1 Problem Description
An internal user reported that they noticed some of their instances (docker containers) periodically get a relatively large sceptical ingress traffic - even if their instance is not serving, shown as below:
Fig. 1.1 Sceptical periodic ingress traffic to an instance
2 Infra & Environment Info
This section provides some basic infrastructure information to help understand the problem. For more detailed information, please refer to my previous post Ctrip Network Architecture Evolution in the Cloud Computing Era.
The data center network utilizes a Spine-Leaf architecture, with Leaf nodes serve as both distributed L2 and L3 gateway.
Fig. 2.1 Datacenter network topology
While inside each compute host, all instances connected to a OVS bridge, and the default route inside container points to its own (distributed) gateway.

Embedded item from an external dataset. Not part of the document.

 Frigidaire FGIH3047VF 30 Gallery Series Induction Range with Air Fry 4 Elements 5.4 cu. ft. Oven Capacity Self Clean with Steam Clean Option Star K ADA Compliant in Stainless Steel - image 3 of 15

Fig. 2.2 Virtual network topology inside a host
Others:
- OVS version:
2.3.1
,2.5.6
- Linux Kernel:
4.14
3 Trouble Shooting
3.1 Confirm: Unicast Flooding
Invoke tcpdump
and without too much effort, we confirmed that these traffic
are not targeted for the container, namely, neither the dst_ip
nor the
dst_mac
of these periodical packets were the intances’s IP/MAC. So we got
the first conclusion: OVS was doing unicast flooding [1].

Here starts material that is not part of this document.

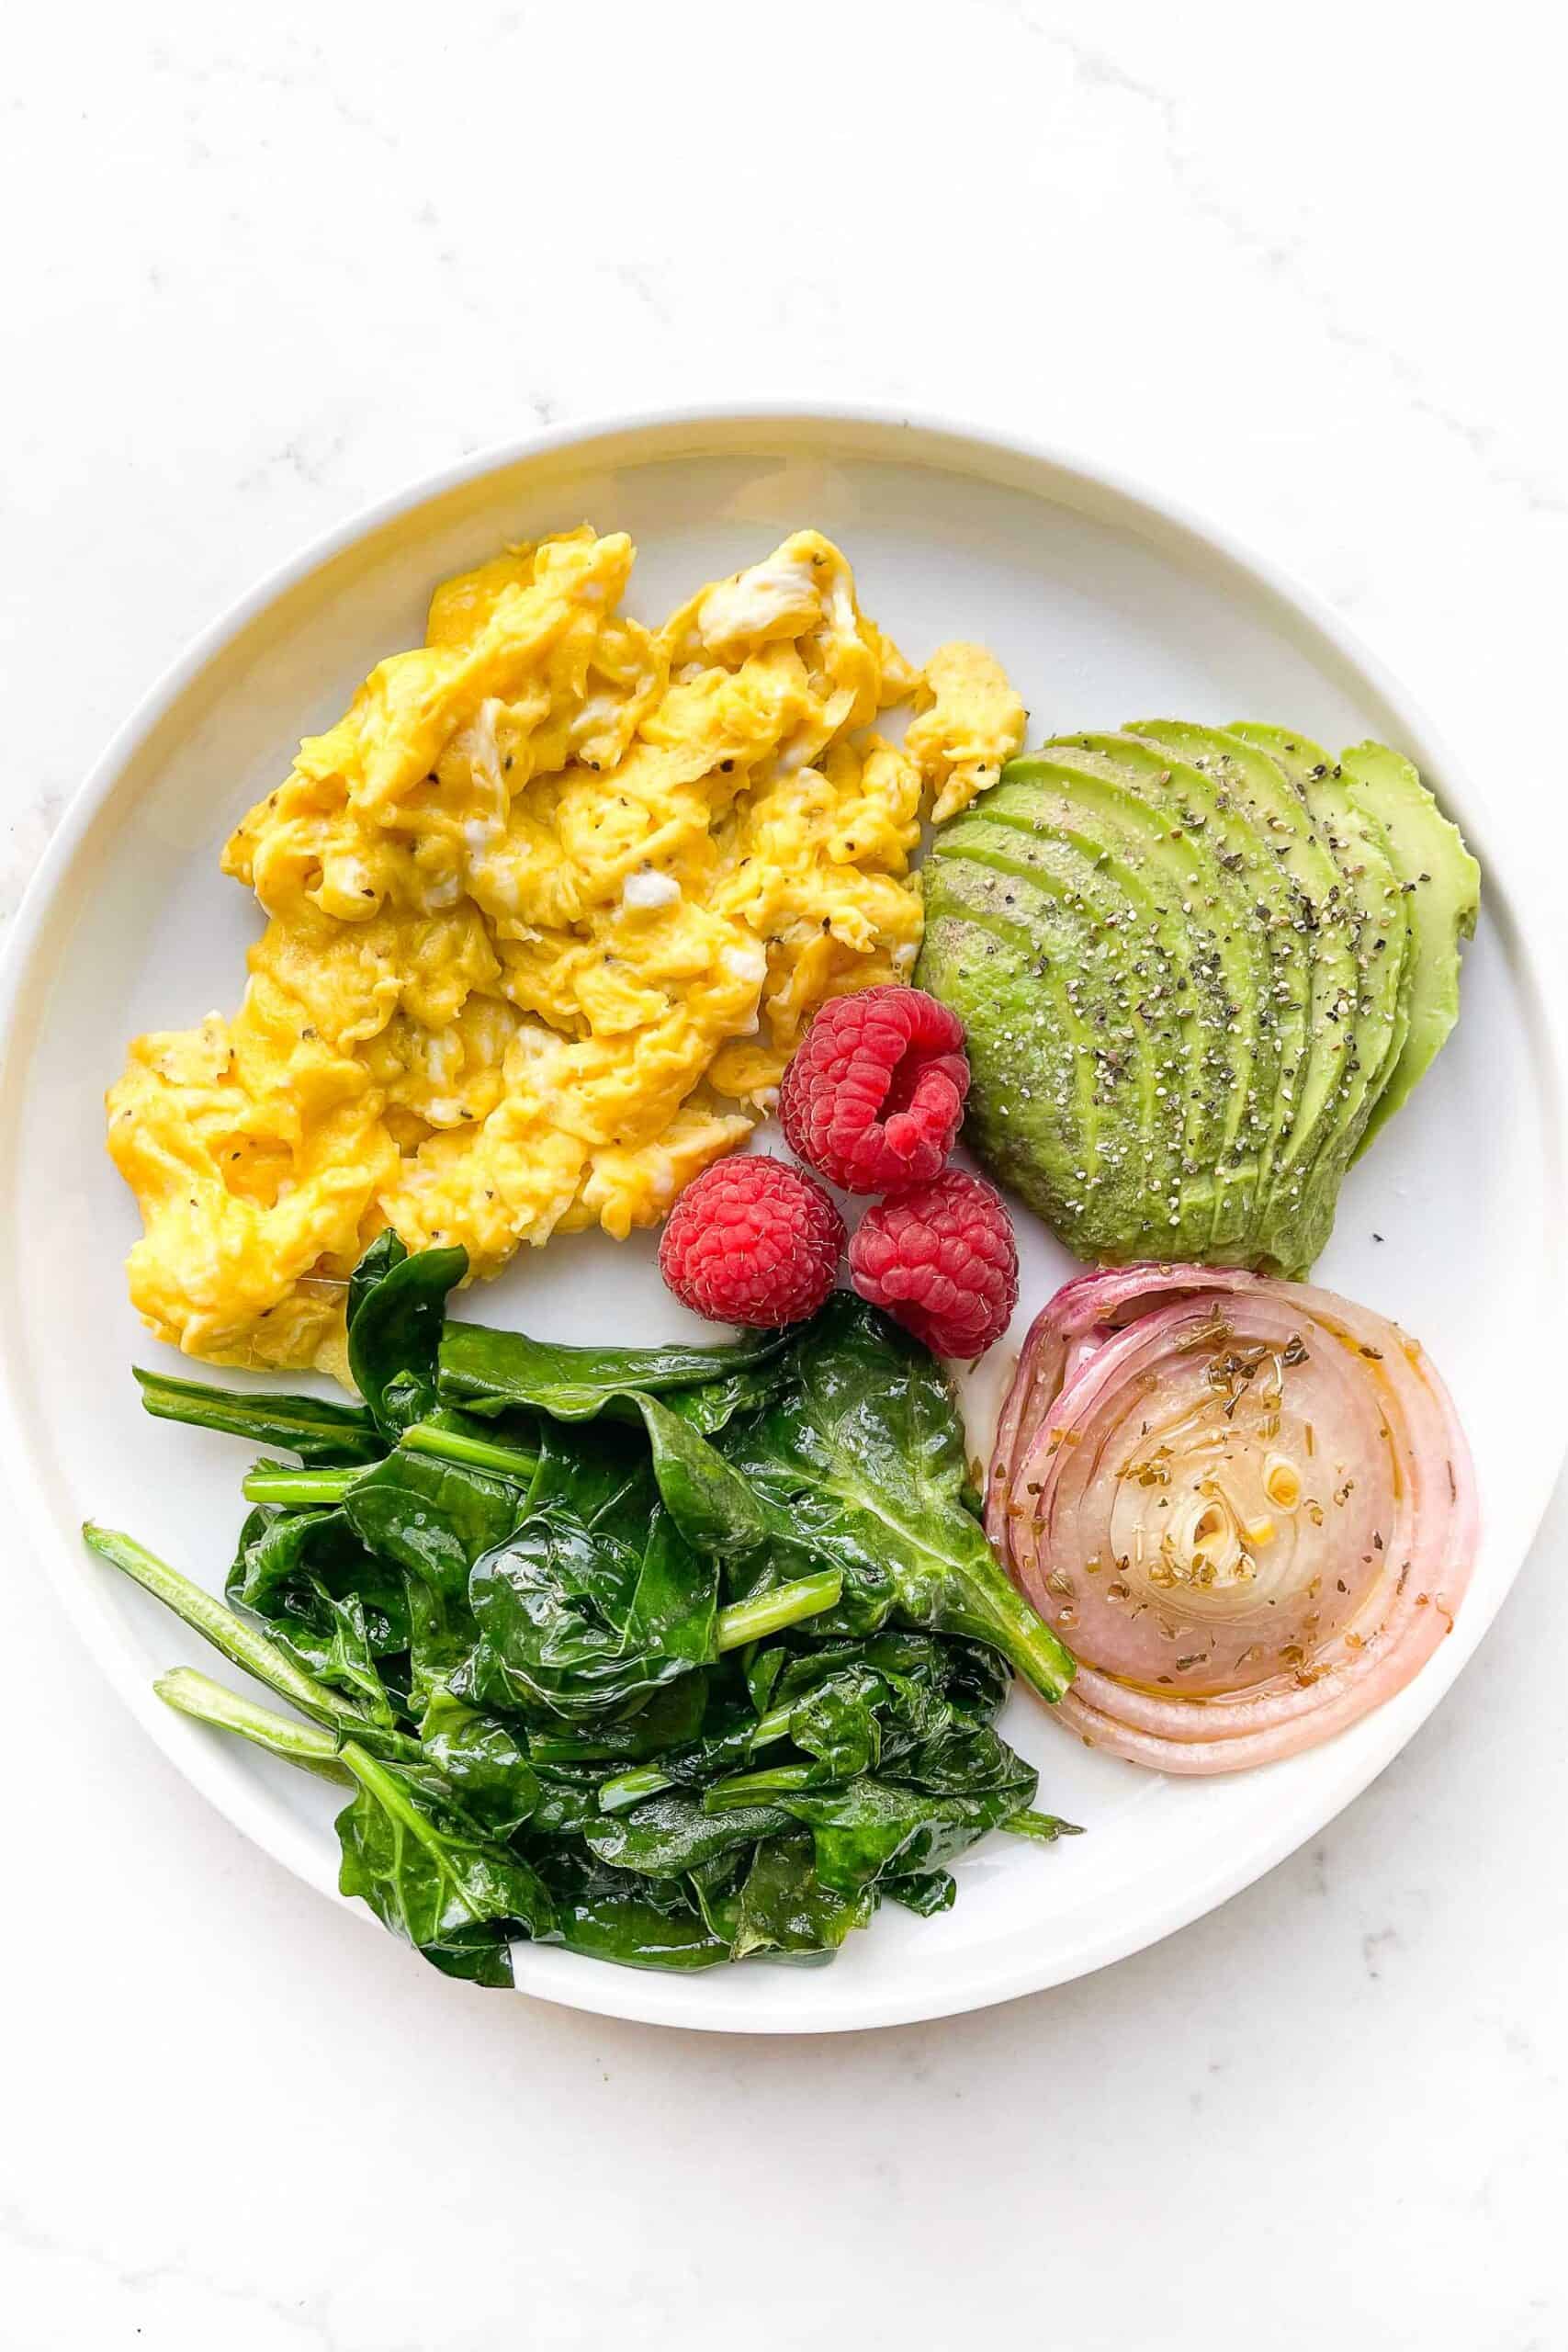 scrambled eggs, sauteed spinach, avocado, red onion and raspberries on a white plate and background

Unicast flooding means, OVS didn’t know where the dst_mac
of a packet is, so
it duplicated this packet, and sent a copy of this packet to all the interfaces
that having the same VLAN tag. E.g., in Fig 2.2, inst1
’s egress traffic will
be duplicated to inst2
, but not inst3
and inst4
.
3.2 Confirm: all flooded traffic are destinated for the L2 GW
Then next the question was, why OVS didn’t know the dst_mac
.
These flooded packets varied a log, they came from different IP addresses, and went for different IP addresses, either.
But further looking into the captured packets, we found that all these flooded
packets sharing the same dst_mac
, let’s say 00:11:22:33:44:55
. It took we
a while to figure out that this was the distributed L2 gateway address in our
Spine-Leaf network (this MAC was manually coded, responsible by another team,
that’s why we didn’t determined it at first time).

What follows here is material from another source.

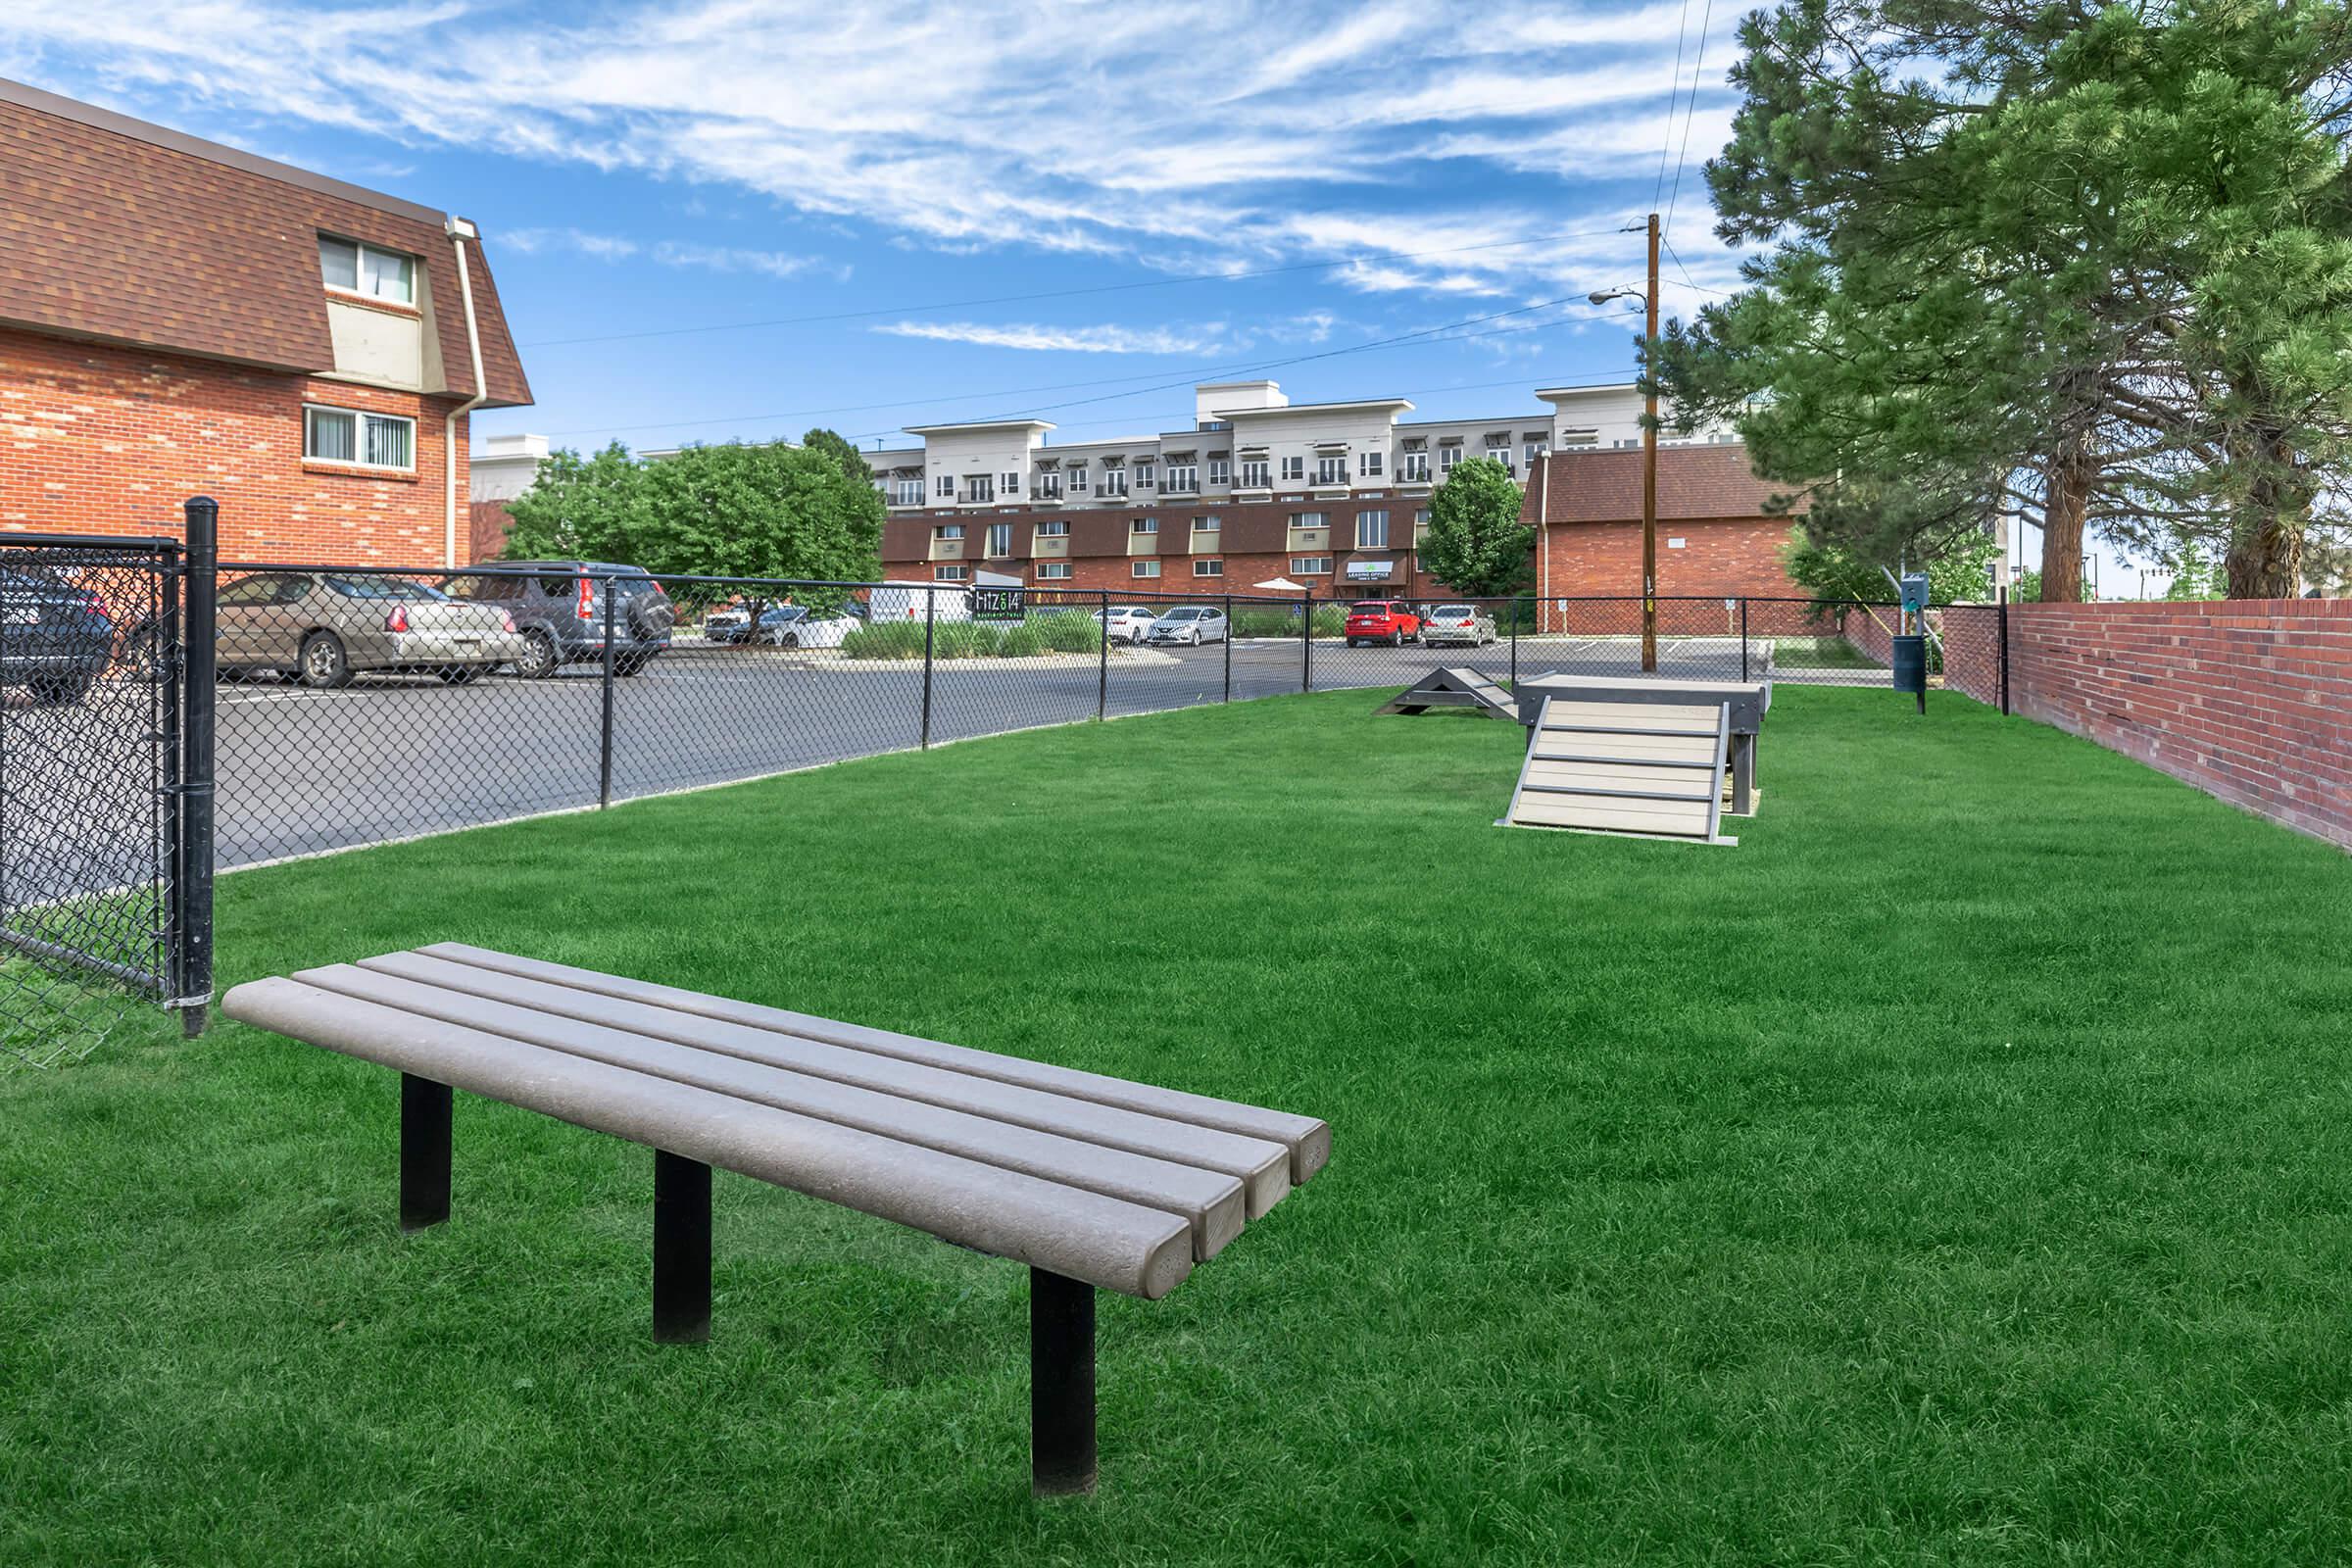 a bench in front of a building

3.3 Verify: OVS fdb entry went stale while container ARP was active
What OVS fdb looks like:
$ ovs-appctl fdb/show br-int
port VLAN MAC Age
1 0 c2:dd:d2:40:7c:15 1
2 0 04:40:a9:db:6f:df 1
2 4 00:11:22:33:44:55 16
2 9 00:11:22:33:44:55 6
Next, we’d like to verify our assumption: L2 GW’s entry in OVS fdb would be stale when this problem happened.
Fortunately, the problem happened every 20 minutes (turned out there are some
periodic jobs that generated the traffic), so it’s easy for us to capture
anything we wanted. We used following command to check the entry’s existence. In
our case, the instance has a VLAN tag 4
, so we grep pattern " 4
00:11:22:33:44:55"
.
for i in {1..1800}; do
echo $(date) " " $(ovs-appctl fdb/show br-int | grep " 4 00:11:22:33:44:55") >> fdb.txt;
sleep 1;
done
Normally, the print would like this:
2 4 00:11:22:33:44:55 16
2 4 00:11:22:33:44:55 17
2 4 00:11:22:33:44:55 18
2 4 00:11:22:33:44:55 19
2 4 00:11:22:33:44:55 0
...
During the test, we found that the print disappeared for minutes, and this period exactly matched the problematic period. So the second conclusion: the fdb entry indeeded went to stale ahead of the ARP entry inside container (as container was using this ARP entry transmitting those packets).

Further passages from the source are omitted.